**INSTRUCTIONS FOR THE TASK**
Copy, word for word, the lines of the entries below between the one with "Personas que llevan" and the one with "Gibson1logo设计欣赏Gibson1音乐公司标志下载标志设计欣赏", inclusive, and leave out everything else.

* * * * *

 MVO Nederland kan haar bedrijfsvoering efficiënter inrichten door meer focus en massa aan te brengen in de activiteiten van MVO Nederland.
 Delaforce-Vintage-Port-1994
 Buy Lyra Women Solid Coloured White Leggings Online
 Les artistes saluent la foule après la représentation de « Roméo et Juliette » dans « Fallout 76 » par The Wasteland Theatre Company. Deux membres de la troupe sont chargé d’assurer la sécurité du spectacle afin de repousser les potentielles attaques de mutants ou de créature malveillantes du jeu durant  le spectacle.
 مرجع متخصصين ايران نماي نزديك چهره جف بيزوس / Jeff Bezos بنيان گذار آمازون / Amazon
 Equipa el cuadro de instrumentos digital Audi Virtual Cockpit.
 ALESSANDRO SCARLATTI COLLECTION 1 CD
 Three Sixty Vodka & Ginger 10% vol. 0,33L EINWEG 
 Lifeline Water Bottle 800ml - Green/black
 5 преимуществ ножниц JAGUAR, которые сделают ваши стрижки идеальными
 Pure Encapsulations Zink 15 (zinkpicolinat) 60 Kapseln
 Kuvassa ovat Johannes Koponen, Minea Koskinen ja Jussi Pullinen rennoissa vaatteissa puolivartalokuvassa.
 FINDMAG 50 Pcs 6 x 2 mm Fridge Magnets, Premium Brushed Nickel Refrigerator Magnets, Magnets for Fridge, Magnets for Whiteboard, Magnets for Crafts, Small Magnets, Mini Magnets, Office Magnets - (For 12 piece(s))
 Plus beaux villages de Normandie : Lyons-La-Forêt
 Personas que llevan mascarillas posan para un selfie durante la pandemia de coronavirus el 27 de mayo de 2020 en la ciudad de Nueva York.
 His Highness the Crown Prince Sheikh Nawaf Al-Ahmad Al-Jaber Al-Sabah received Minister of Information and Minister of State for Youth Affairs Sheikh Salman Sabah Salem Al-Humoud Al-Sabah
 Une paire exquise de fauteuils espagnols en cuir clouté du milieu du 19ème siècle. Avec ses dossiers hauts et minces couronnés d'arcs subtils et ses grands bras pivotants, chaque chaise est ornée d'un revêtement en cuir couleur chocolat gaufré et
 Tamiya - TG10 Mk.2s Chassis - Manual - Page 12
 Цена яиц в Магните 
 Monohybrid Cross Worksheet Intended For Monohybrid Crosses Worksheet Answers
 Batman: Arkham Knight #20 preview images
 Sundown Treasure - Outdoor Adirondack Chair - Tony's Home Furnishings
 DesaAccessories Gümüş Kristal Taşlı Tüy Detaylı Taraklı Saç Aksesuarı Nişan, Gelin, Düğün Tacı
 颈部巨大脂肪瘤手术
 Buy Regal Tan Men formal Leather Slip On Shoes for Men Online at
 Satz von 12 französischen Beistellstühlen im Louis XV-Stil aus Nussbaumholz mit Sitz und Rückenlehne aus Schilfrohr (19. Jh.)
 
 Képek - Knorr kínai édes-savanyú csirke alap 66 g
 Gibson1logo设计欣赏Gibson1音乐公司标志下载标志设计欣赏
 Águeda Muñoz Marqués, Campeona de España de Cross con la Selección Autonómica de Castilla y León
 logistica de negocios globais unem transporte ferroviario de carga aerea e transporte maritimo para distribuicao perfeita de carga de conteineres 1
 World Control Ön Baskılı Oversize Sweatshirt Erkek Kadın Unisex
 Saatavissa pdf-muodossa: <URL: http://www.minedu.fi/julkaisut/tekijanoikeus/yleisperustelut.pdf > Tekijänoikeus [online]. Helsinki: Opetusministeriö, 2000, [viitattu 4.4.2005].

* * * * *

**TASK OUTPUT**
 Personas que llevan mascarillas posan para un selfie durante la pandemia de coronavirus el 27 de mayo de 2020 en la ciudad de Nueva York.
 His Highness the Crown Prince Sheikh Nawaf Al-Ahmad Al-Jaber Al-Sabah received Minister of Information and Minister of State for Youth Affairs Sheikh Salman Sabah Salem Al-Humoud Al-Sabah
 Une paire exquise de fauteuils espagnols en cuir clouté du milieu du 19ème siècle. Avec ses dossiers hauts et minces couronnés d'arcs subtils et ses grands bras pivotants, chaque chaise est ornée d'un revêtement en cuir couleur chocolat gaufré et
 Tamiya - TG10 Mk.2s Chassis - Manual - Page 12
 Цена яиц в Магните 
 Monohybrid Cross Worksheet Intended For Monohybrid Crosses Worksheet Answers
 Batman: Arkham Knight #20 preview images
 Sundown Treasure - Outdoor Adirondack Chair - Tony's Home Furnishings
 DesaAccessories Gümüş Kristal Taşlı Tüy Detaylı Taraklı Saç Aksesuarı Nişan, Gelin, Düğün Tacı
 颈部巨大脂肪瘤手术
 Buy Regal Tan Men formal Leather Slip On Shoes for Men Online at
 Satz von 12 französischen Beistellstühlen im Louis XV-Stil aus Nussbaumholz mit Sitz und Rückenlehne aus Schilfrohr (19. Jh.)
 
 Képek - Knorr kínai édes-savanyú csirke alap 66 g
 Gibson1logo设计欣赏Gibson1音乐公司标志下载标志设计欣赏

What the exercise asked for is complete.